Only four times in league history did a passer aged 41 or older attempt more than 200 passes in a season: Warren Moon did it in 1997 and 1998, when he threw 528 and 258, respectively. Vinny Testaverde attempted 495 passes in 2004 while Brett Favre threw the football 358 times in 2010. For comparison, Brady never attempted fewer than 413 passes in a season as the starter and averages 549 throws over his 16 starting seasons.
Furthermore, none of the three quarterbacks listed above was able to appear in all 16 of his team's regular season contests. All in all, the future for New England is one of uncertainty. Of course, Brady – unlike any quarterback before him – has always been able to defy the odds and achieve peak performance when others failed to do so (look no further than Peyton Manning's last two years in the league).

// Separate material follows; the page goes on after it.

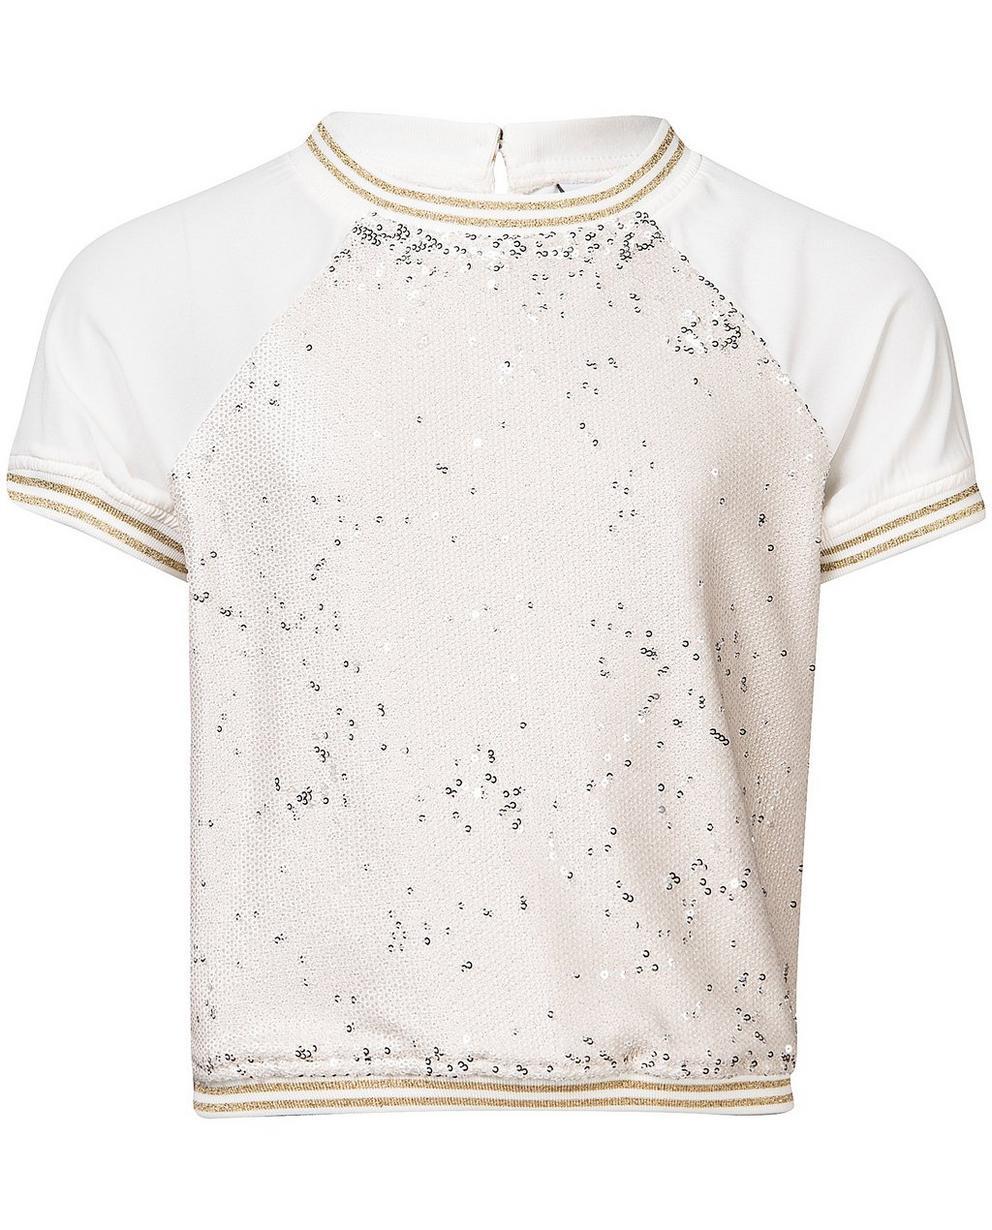 Hemden - Weiss - T-Shirt mit Pailletten

Still, the team is aware of his age and what it entails – just ask Patriots owner Robert Kraft, who spoke about New England selecting a quarterback earlier this week: “I’m going to put my fan hat on, and obviously at some point we have to,” Kraft said, when asked if picking a quarterback in the draft can be seen as a high priority for the franchise right now (via ESPN Boston's Mike Reiss).
“Not just that,” the 76-year old continued, “but think what happened in the ‘08 season when in the first quarter against Kansas City, Tom goes out. How many people would have said that Matt Cassel would have led us to an 11-5 season? I put my faith and confidence in Bill [Belichick]. He knows his responsibilities. Anything can happen, even if Tom comes in tip-top shape.”

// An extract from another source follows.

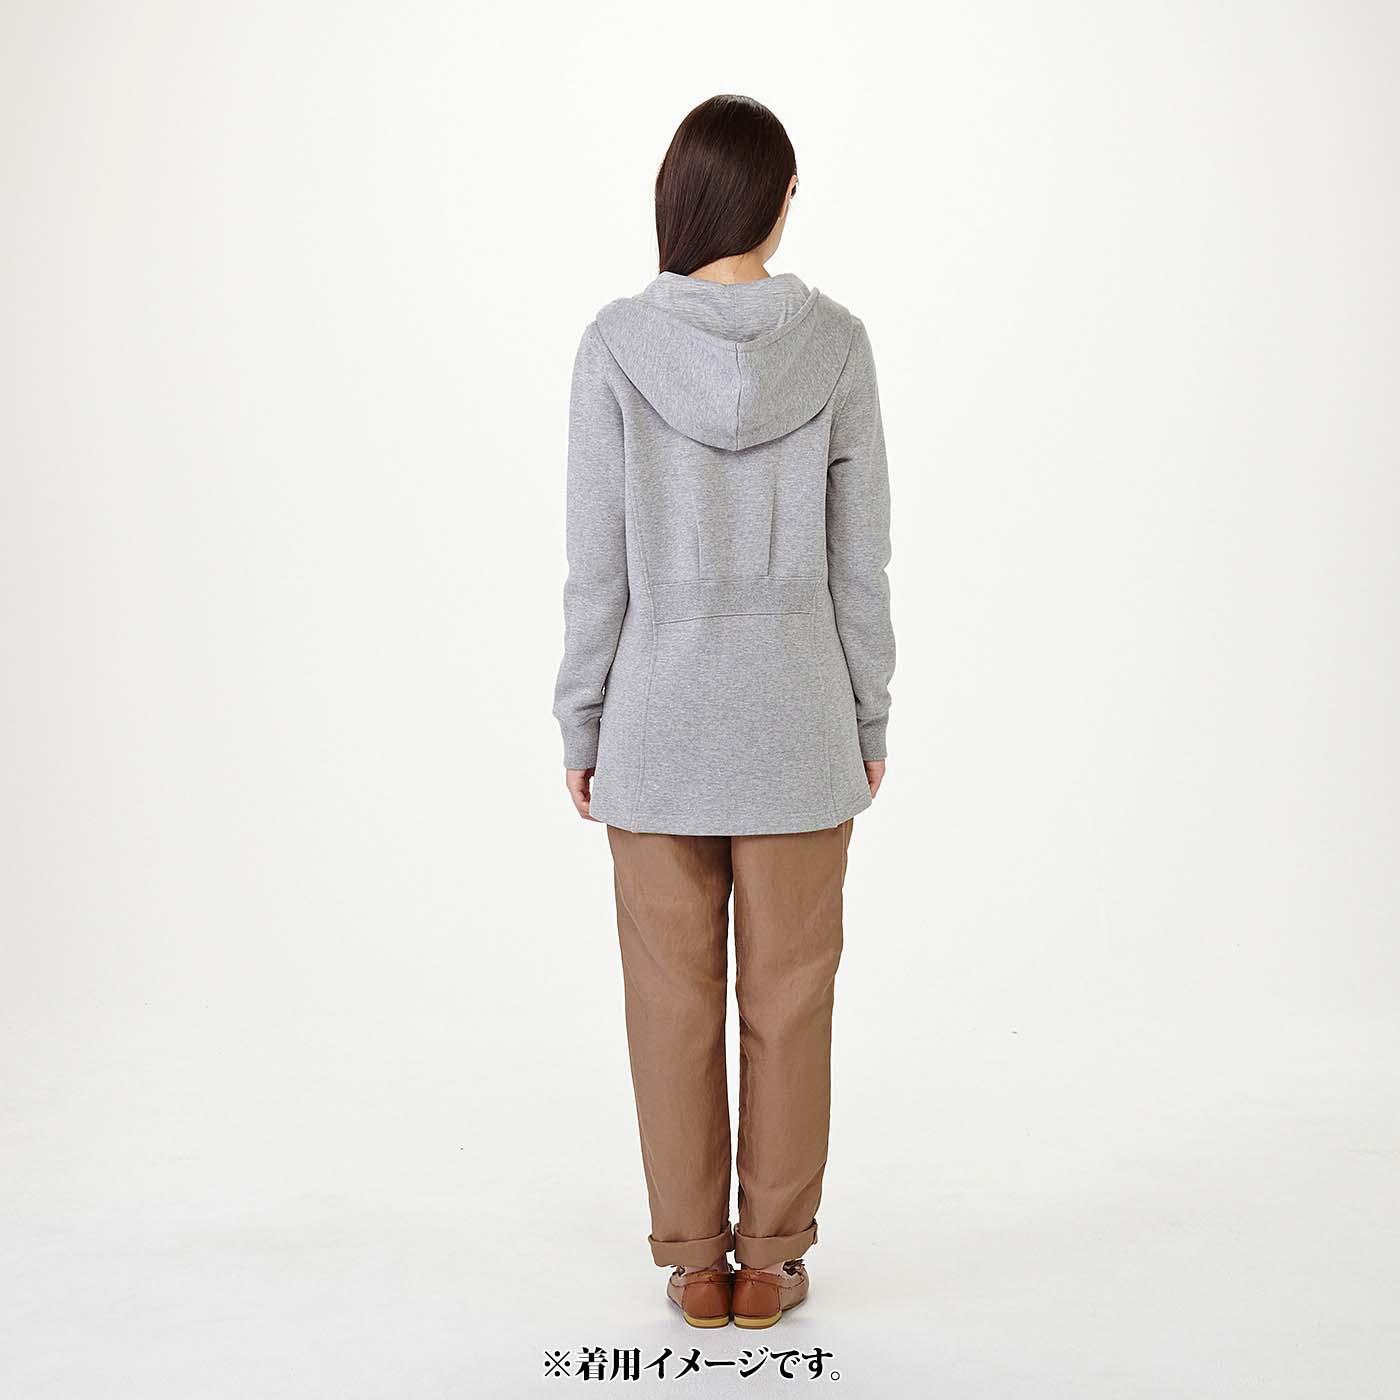 モデル身長約165cm 着用サイズM おしりまわりが隠れる長め丈。

Even with Brady on top of his game, the Patriots have not shied away from investing capital in a quarterback throughout the years: In 2014, the team selected Jimmy Garoppolo in the second round; in 2008, 2011 and 2016, it used third-round picks to bring Kevin O'Connell, Ryan Mallett and Jacoby Brissett on board. All this shows that New England is well aware of the fragility of the most important position on the field.
”Part of why the networks pay us the funding they do,” Kraft said at the owners meetings this week. “and the reason this is the best entertainment product in America, is you don’t know – one play can change a whole season. One play with one person. To do a good job managing an NFL franchise, we’ve always said understanding quality depth management, that’s our business.”
With the end nearing for the greatest quarterback to ever step on the gridiron, New England has to have some urgency when it comes to managing the depth at the quarterback position.